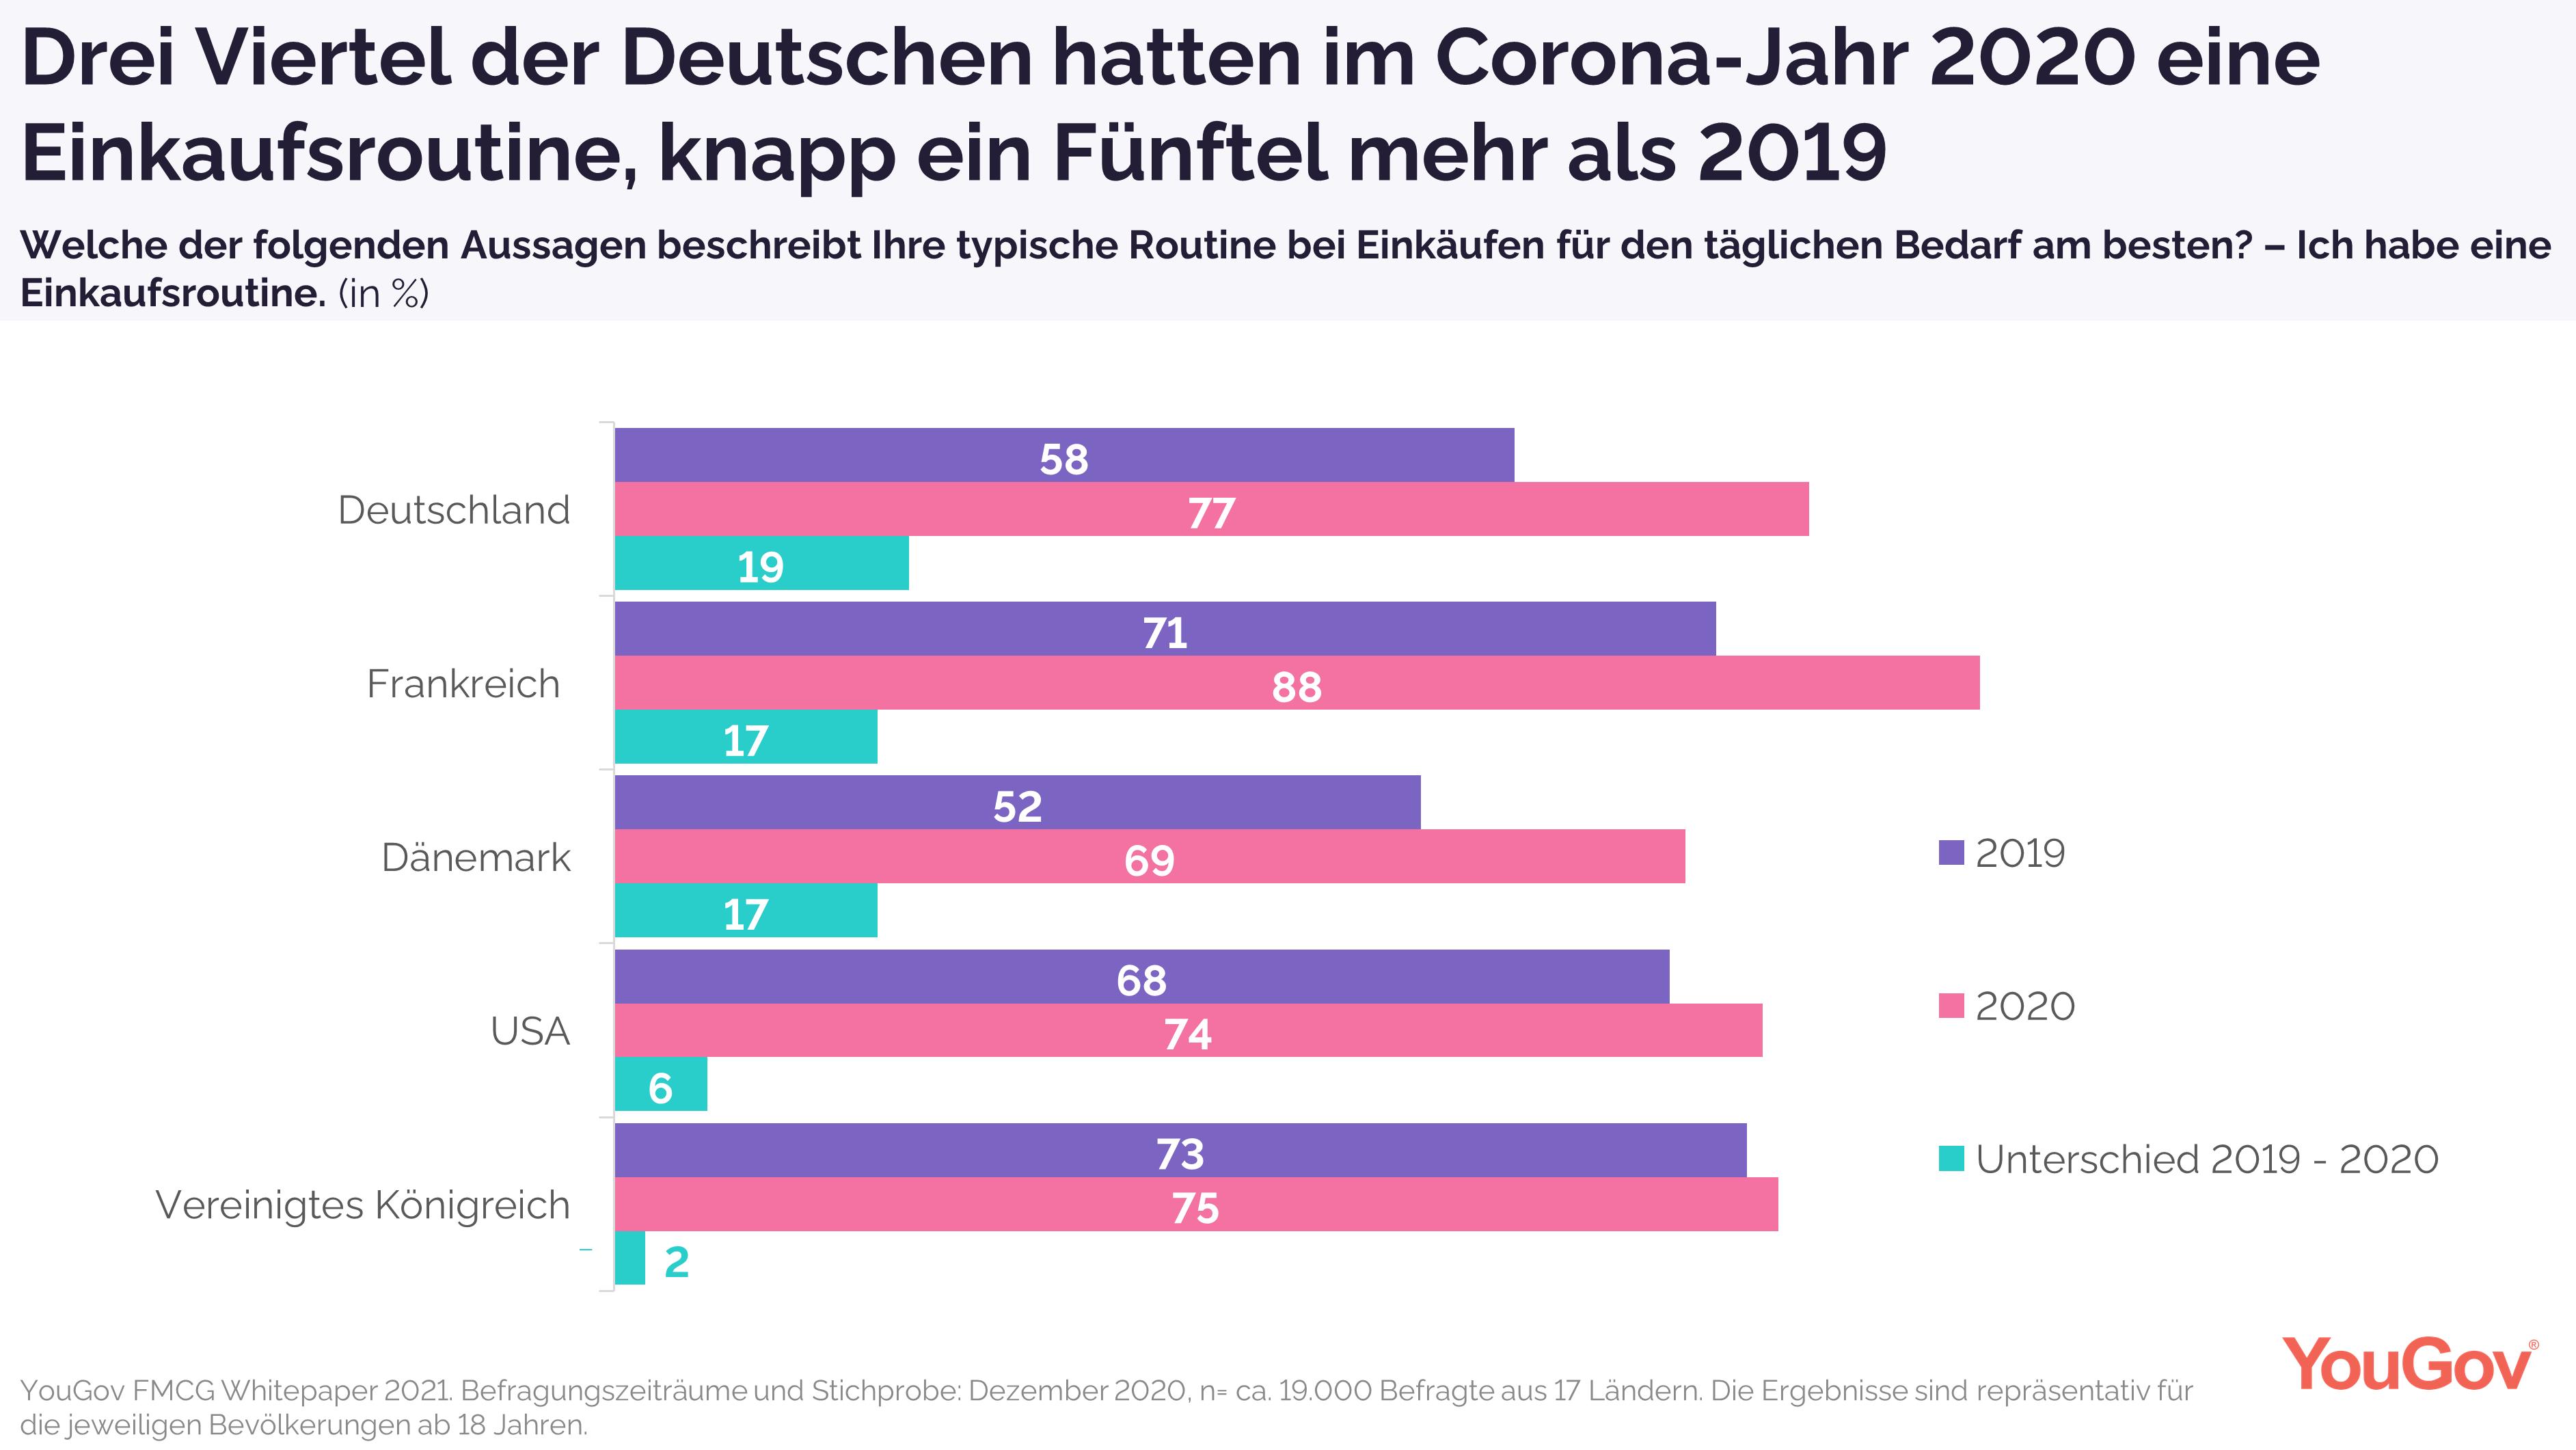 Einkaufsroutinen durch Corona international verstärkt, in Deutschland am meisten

--

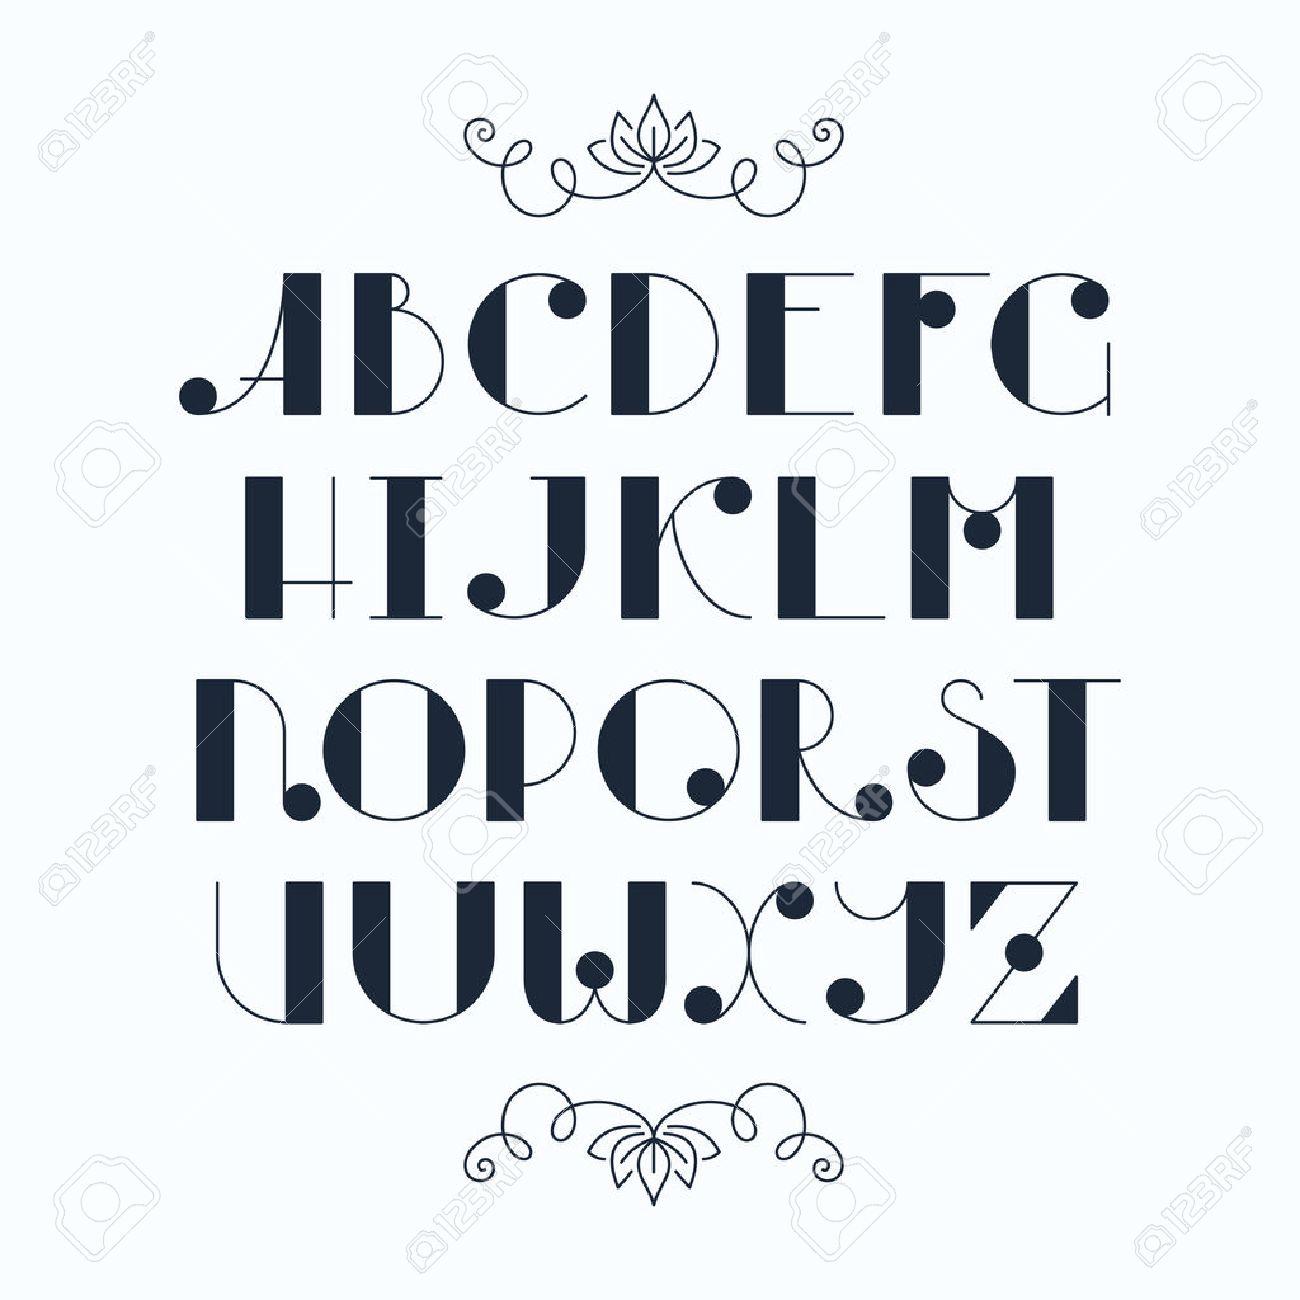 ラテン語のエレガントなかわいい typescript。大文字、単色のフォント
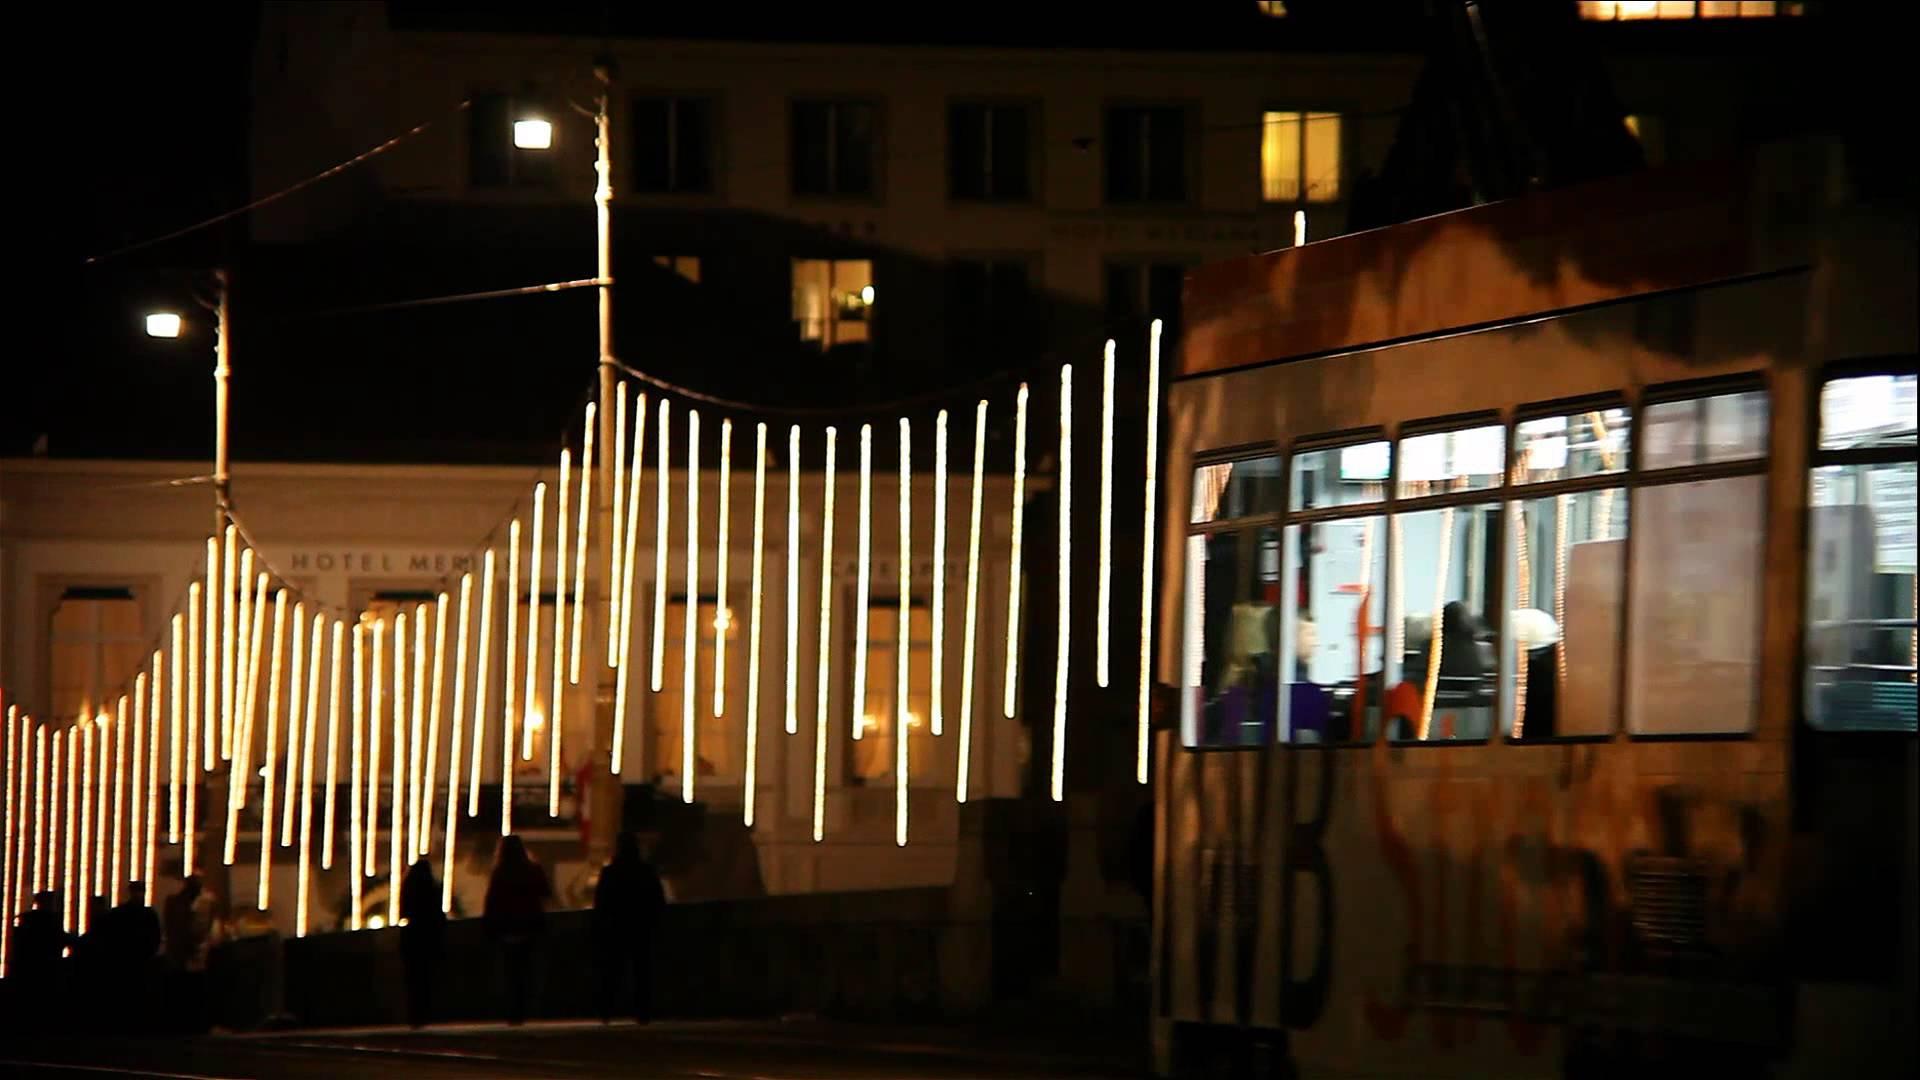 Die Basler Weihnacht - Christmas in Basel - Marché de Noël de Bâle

--- Task to complete ---
Going by the data above, give back only the lines from the one containing "ラテン語のエレガントなかわいい typescript。大文字、単色のフォント" through the one containing "Die Basler Weihnacht", exactly as they stand, both ends included and no images.

--- Response area ---
 ラテン語のエレガントなかわいい typescript。大文字、単色のフォント
 Die Basler Weihnacht - Christmas in Basel - Marché de Noël de Bâle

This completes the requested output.